K-Means 4 clusters has lowest davies bouldin score than other cluster. Therefore the optimum cluster is 4.

In [None]:
df_rfm_k4.head()

In [None]:
df_rfm_k4.Cluster.value_counts()

In [None]:
import seaborn as sns
sq1=df_rfm_k4.groupby('Cluster')['CustomerID'].nunique().sort_values(ascending=False).reset_index()
plt.figure(figsize=(12,8))
sns.barplot(data=sq1, x="Cluster", y="CustomerID", palette = "Greens_d");

Interpretation of the clusters formed using k-means.

In [None]:
def rfm_values(df):

    df_new = df.groupby(['Cluster']).agg({
        'Recency': 'mean',
        'Frequency': 'mean',
        'Monetary': ['mean', 'count']
    }).round(0)
    
    return df_new

In [None]:
rfm_values(df_rfm_k4)

- "Cluster 0" has 29% customers. It belongs to the "Loyal Customers" segment as they Haven’t purchased for some time, but used to purchase frequently (F=2) and spent a lot. (R=3, F=2, M=2)

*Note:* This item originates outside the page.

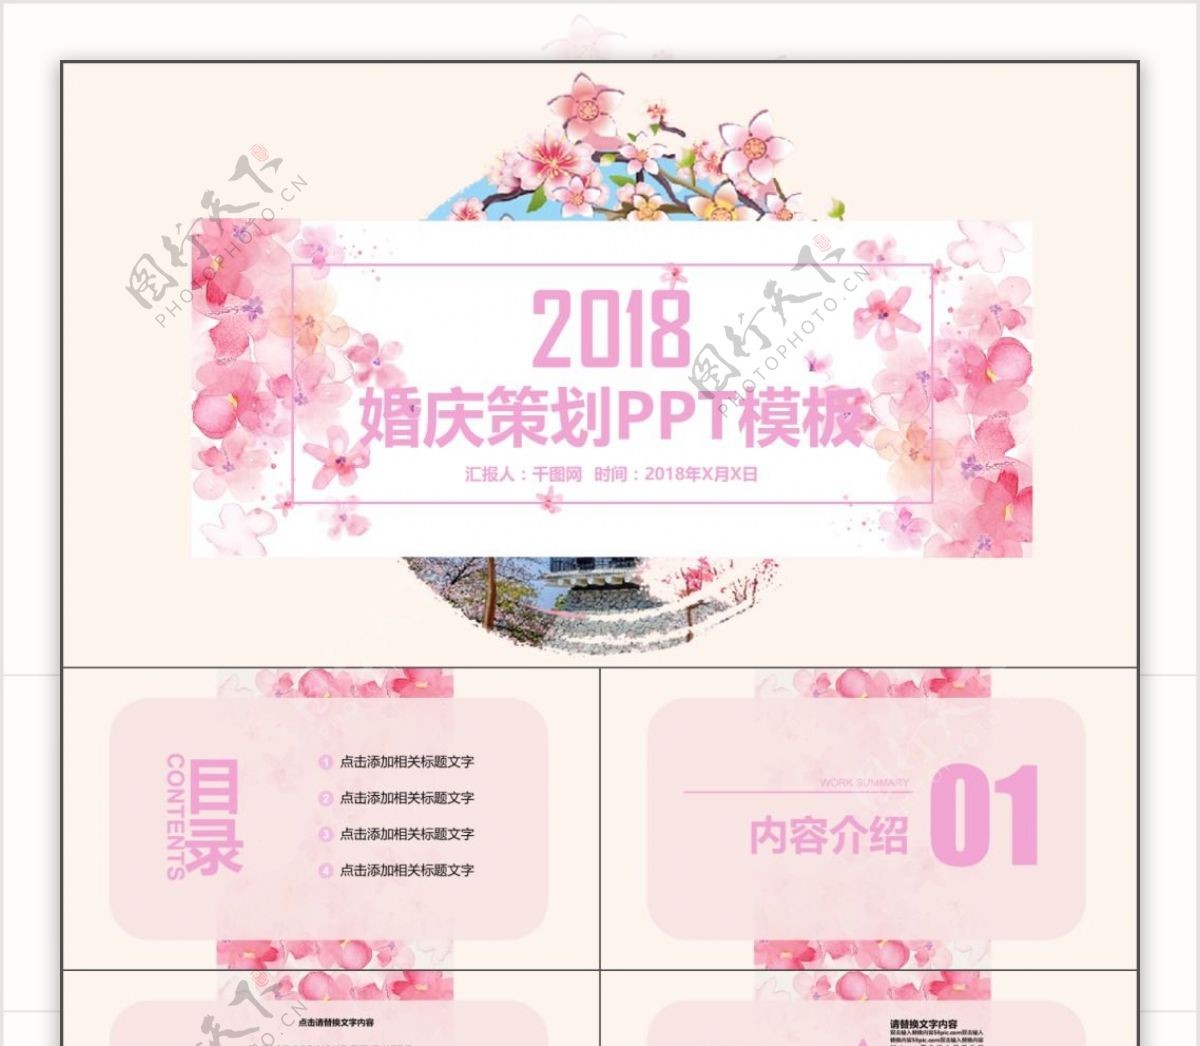 浪漫清新粉红婚庆策划产品宣传PPT模板

- "Cluster 1" has 20% customers. It can be interpreted as "Alomost Lost". They purchase recently (R=2). However they do not purchase frequently and do not spent a lot. (R=2, F=3, M=3)

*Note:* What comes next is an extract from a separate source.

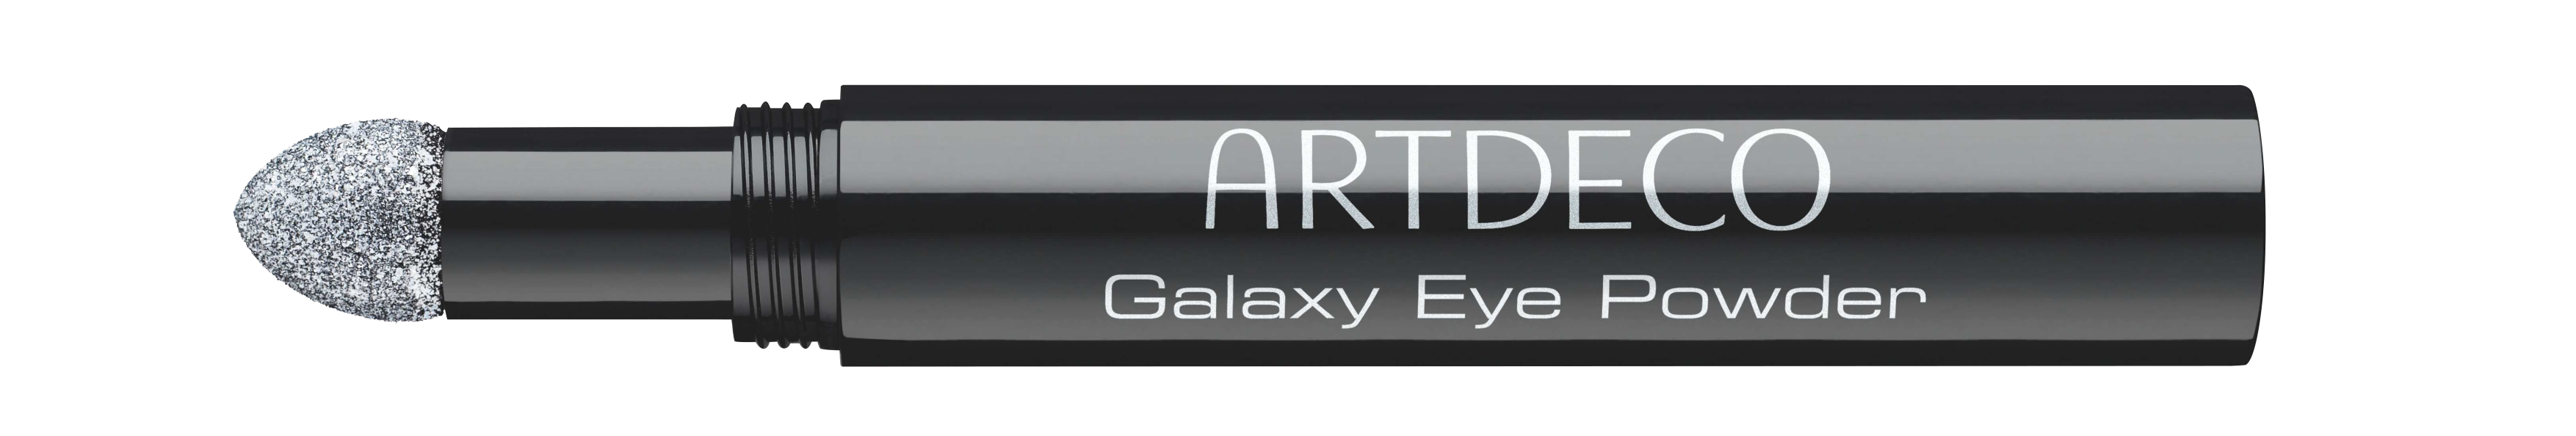 Artdeco Galaxy Eye Powder
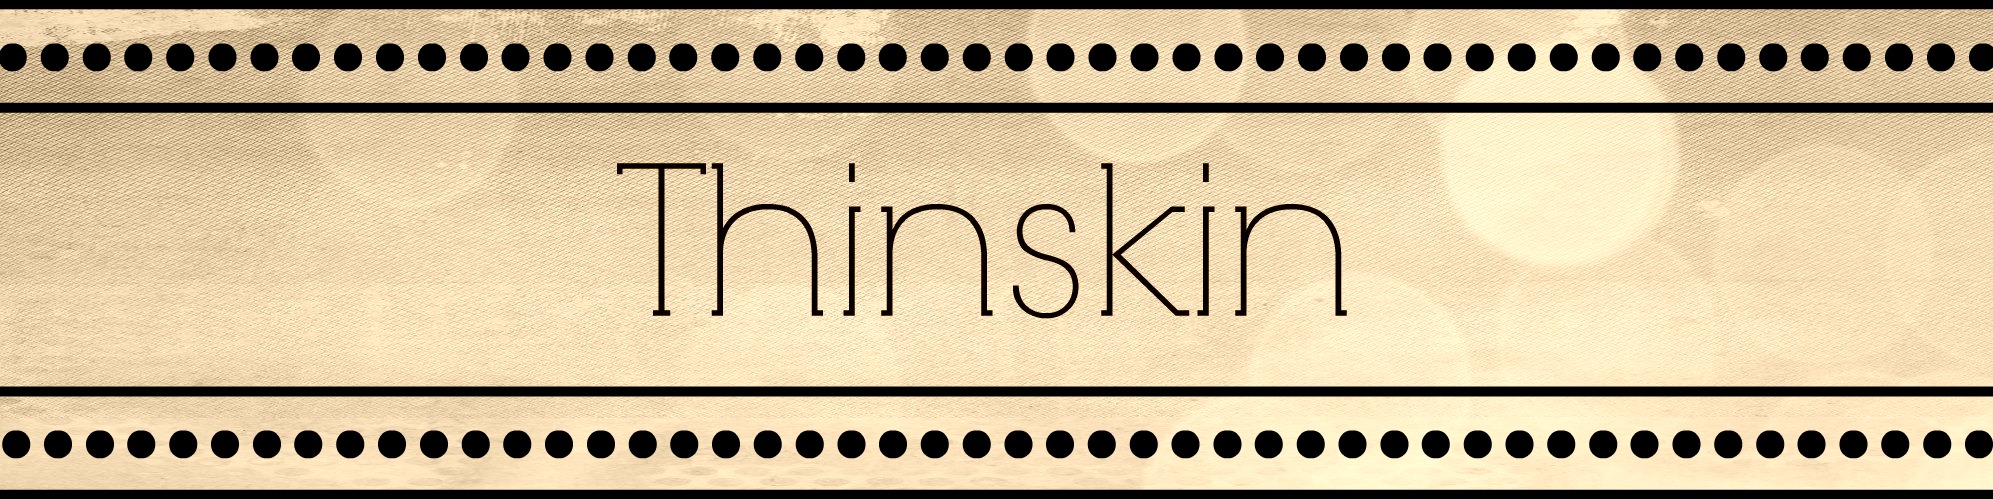 Thinskin

- "Cluster 2" has 30% customers. It can be interpreted as "Lost Cheap Customers". Their last purchase is long ago (R=4), purchased very few (F=4) and spent little (M=4). (R=4, F=4, M=4)

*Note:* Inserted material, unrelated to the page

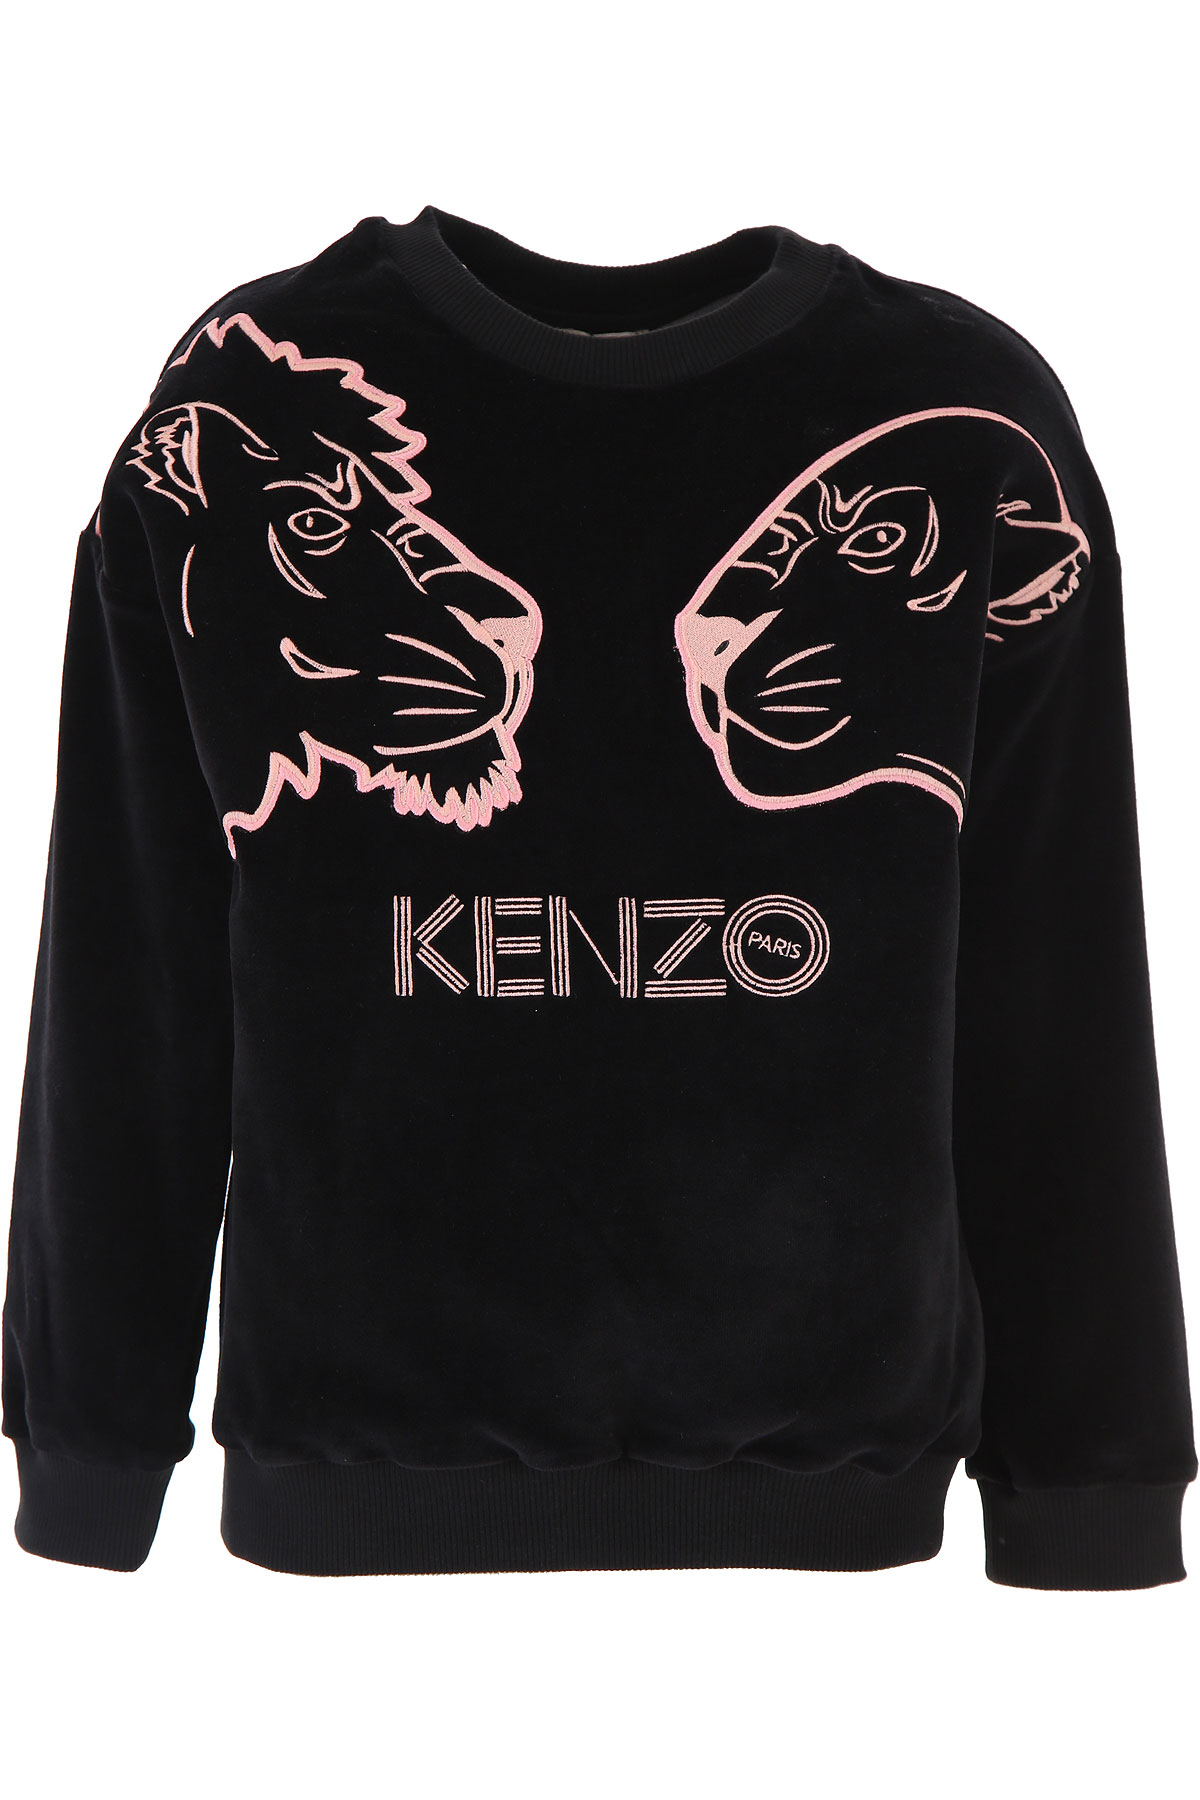 Kenzo Kinder Sweatshirt & Kapuzenpullover für Mädchen Günstig im Sale, Schwarz, Baumwolle, 2017, 10Y 12Y 14Y 2Y 3Y 4Y 6Y 8Y

- "Cluster 3" has 21% customers. It belongs to the "Best Customers" segment which we saw earlier as they purchase recently (R=1), frequent buyers (F=1), and spent the most (M=1). (R=1, F=1, M=1)

# Recommendation

- Recommendation for “Best Customers" segment:
Focus on increasing customer purchases therefore it is necessary to form a cross/Up Selling Strategy.
- Recommendation for “Loyal Customers" segment:
The business team must optimize the budget campaign and the time campaign for this customer segment in order to maintain their loyalty and increase their value.
- Recommendation for “Almost Lost" segment:
This customer segment is very at risk for churn, so focus on activating customers and making repurchases by forming a Reactivation Strategy, Retention Strategy.
- Recommendation for “Lost Cheap Customers" segment:
This customer segment has churned, so the focus of the campaign is to reactivate the customer by forming a Reactivation strategy.